Reduce precision of weights/activations to shrink memory & speed up math
- e.g., BF16 → FP8.
- Lower memory footprint → larger batch / context on same hardware
- Higher arithmetic intensity → faster GEMMs / attention
- Cheaper deployment on edge/CPU
PTQ (Post-Training Quantization)
- No retraining; quick to try
- Needs calibration data to estimate activation ranges
- Schemes: per-tensor/per-channel, symmetric/asymmetric
- Gotchas: outliers, distribution shift, layerwise sensitivity
QAT (Quantization-Aware Training)
- Best accuracy under low bit-widths (fake-quant + STE)
- Matches deploy time numerics (quant/dequant in-graph)
Common formats & typical use
- FP8 (e4m3/e5m2): high throughput training/inference; mild loss
- INT8: robust sweet spot for prod inference
- MXFP4: used in GPT-OSS for MOE experts (MP).

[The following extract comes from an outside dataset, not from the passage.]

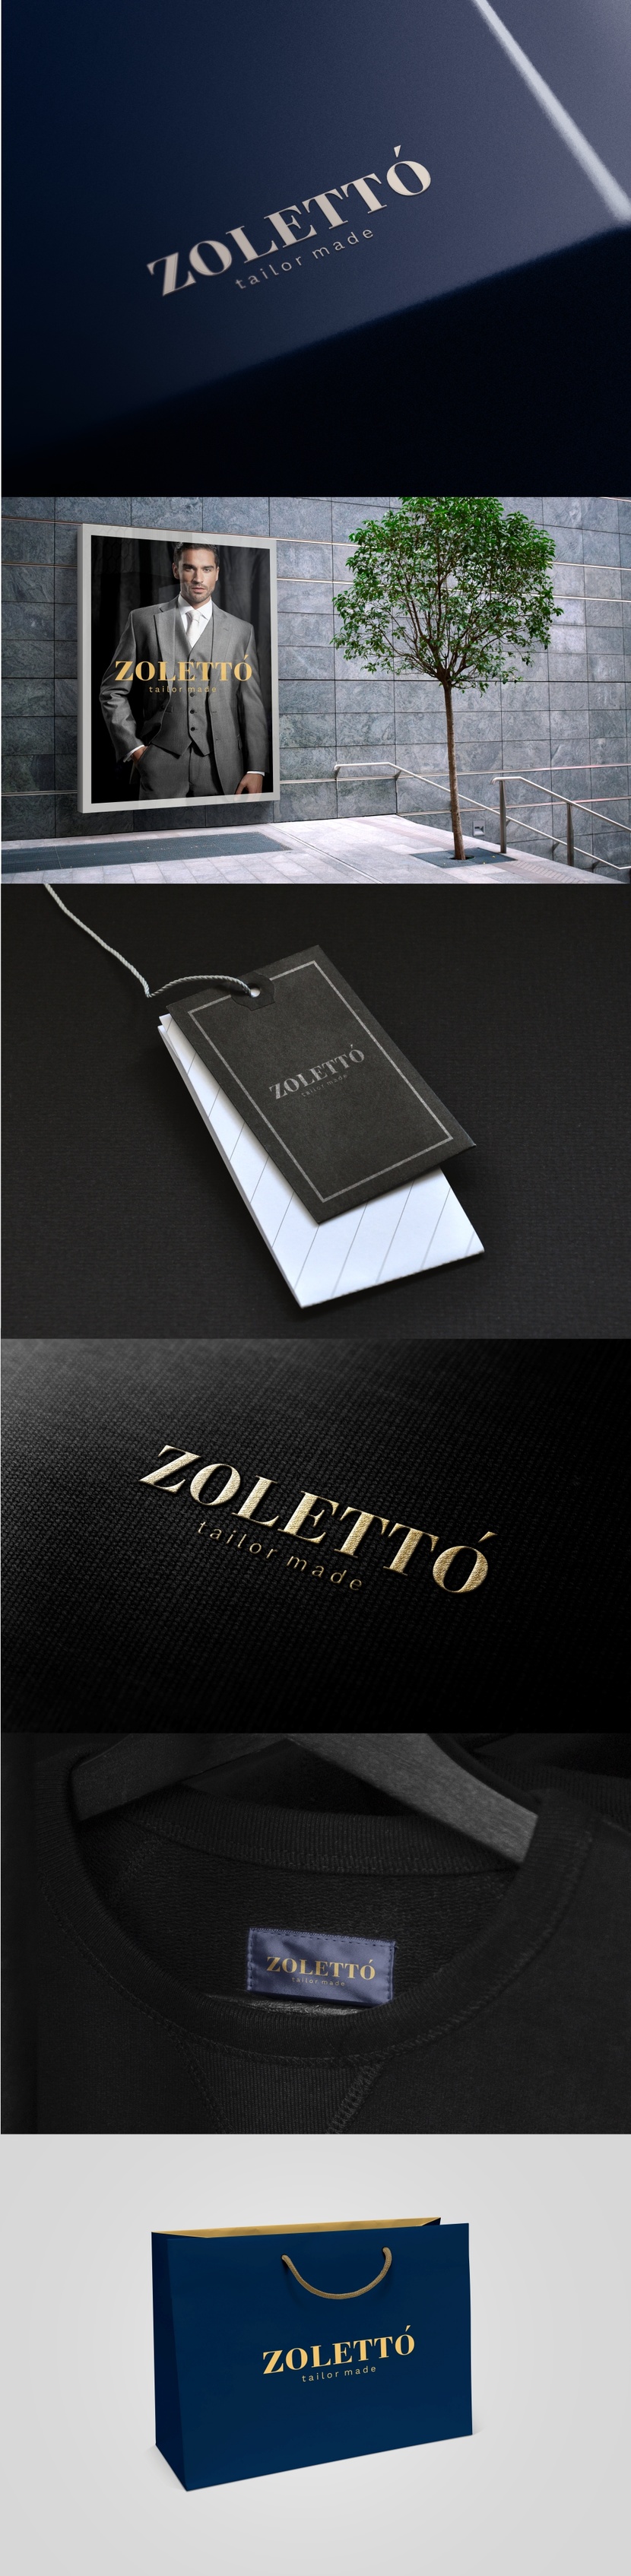 Конкурс на создание логотипа под обновленное название для ателье по пошиву мужского классического гардероба - Zoletto.  -  автор EVGENIA ZHURANOVA
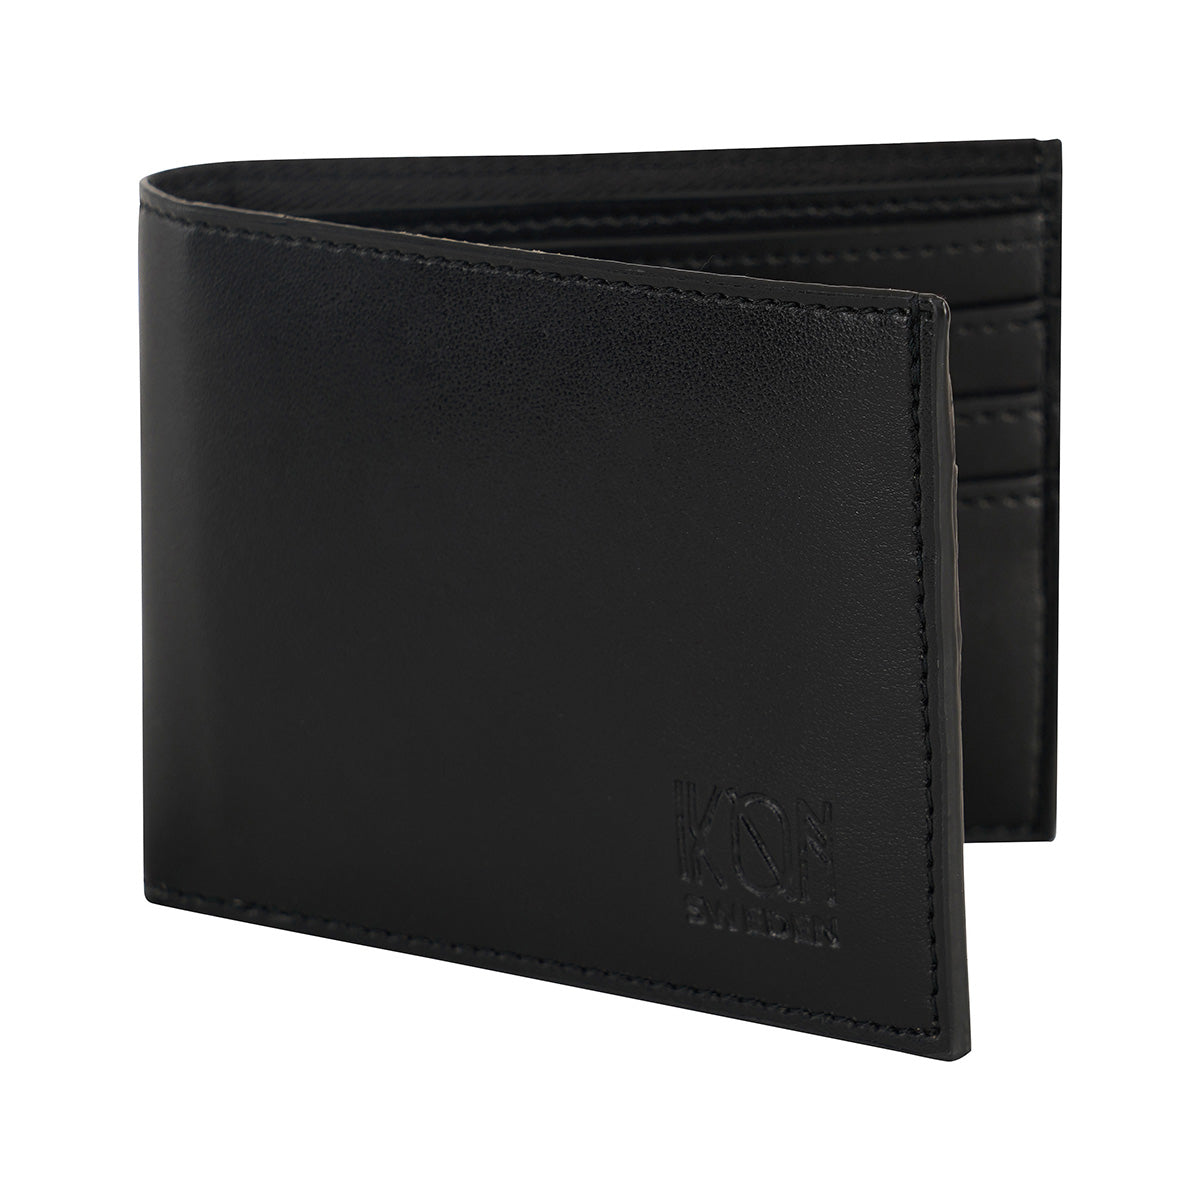 Apple Leather Black wallet for Men

Quantization — calibration, scaling & pitfalls

Core knobs
- Granularity: per-channel (kernels) > per-tensor
- Ranges: min/max, percentile clipping, KL-based, EMA observers
- Rounding: nearest vs stochastic; smooth quant for activations
Calibration goals
- Estimate activation/weight ranges that minimize clipping & rounding error
- Use representative samples (same domains/prompts/seq lengths as prod)
- Track both quality (e.g., perplexity, accuracy) and latency/memory
Range estimation
- Min–Max / AbsMax (fast; risk of outlier blow-up)
- Percentile clipping (e.g., 99.9th) to tame long tails
- KL-divergence / MSE minimization to pick bins
- EMA observers during QAT for stable moving ranges
Scaling schemes
- Symmetric (zero-point = 0): common for weights
  - scale = max(|x|) / qmax
- Asymmetric (nonzero zero-point): common for activations
  - scale = (x_max − x_min) / (qmax − qmin)
- Granularity: per-channel (weights) > per-tensor; group-wise for INT4

Outlier management
- Keep sensitive parts in higher precision: embeddings, LM head, K/V proj
- SmoothQuant-style activation smoothing (shift dynamic range into weights)
- Weight-only quant (e.g., W8A16 / W4A16) to avoid activation quant error
Implementation tips
- Static (ahead-of-time) quantization with calibration > dynamic on GPUs
- Fuse ops (conv/linear + bias + activation) before quantization if possible
- Align scales with kernel requirements (tile sizes, tensor cores)
- For QAT: fake-quant + STE; freeze observers late; fine-tune LR ↓
Pitfalls & mitigations
- Distribution shift between calibration & prod → recalibrate by traffic slice
- Saturation in attention/LayerNorm paths → leave in FP16/FP32
- Dequant overhead on small layers → quantize hot GEMMs first
- INT4 regressions → use group-wise scales, try QAT/QLoRA, or back off to INT8
- Sequence length sensitivity → calibrate at prod seq lengths
Validation checklist
- A/B: task metrics (↓ perplexity Δ, ↑ exact-match) + latency/throughput + VRAM
- Layerwise sensitivity sweep; opt-out layers that cause large drops
- Save scales/observers with model artifacts; log calibration dataset hash

Distillation

Train a student model to match a teacher model’s output distribution (soft targets).
Loss (with temperature $T$): \[ \mathcal{L} = (1-\alpha)\,\mathrm{CE}(y, p_s) \;+\; \alpha\,T^2\,\mathrm{KL}\!\left(p_t^{(T)} \,\|\, p_s^{(T)}\right) \]
Backprop only through the student; the teacher is frozen.
Variants: use KL or JS divergence; mix in hard-label CE; schedule $T$ or label smoothing.
Online distill: teacher forward + student forward/backward (higher GPU but no disk I/O).
Offline distill: cache teacher logits; cheaper GPU at train time but larger storage/I/O.
Issues:
- Training cost: Expect ~20–30%+ extra memory for activations/gradients beyond raw parameter memory (depends on context length, batch size, kernels).
- Exact logit matching can be restrictive; the student may imitate outputs without learning richer internals.
- Students may not learn intermediate representations; consider feature/attention distillation or auxiliary losses.
- length/verbosity bias from the teacher; mitigated with CE mixing, calibration, and data augmentation.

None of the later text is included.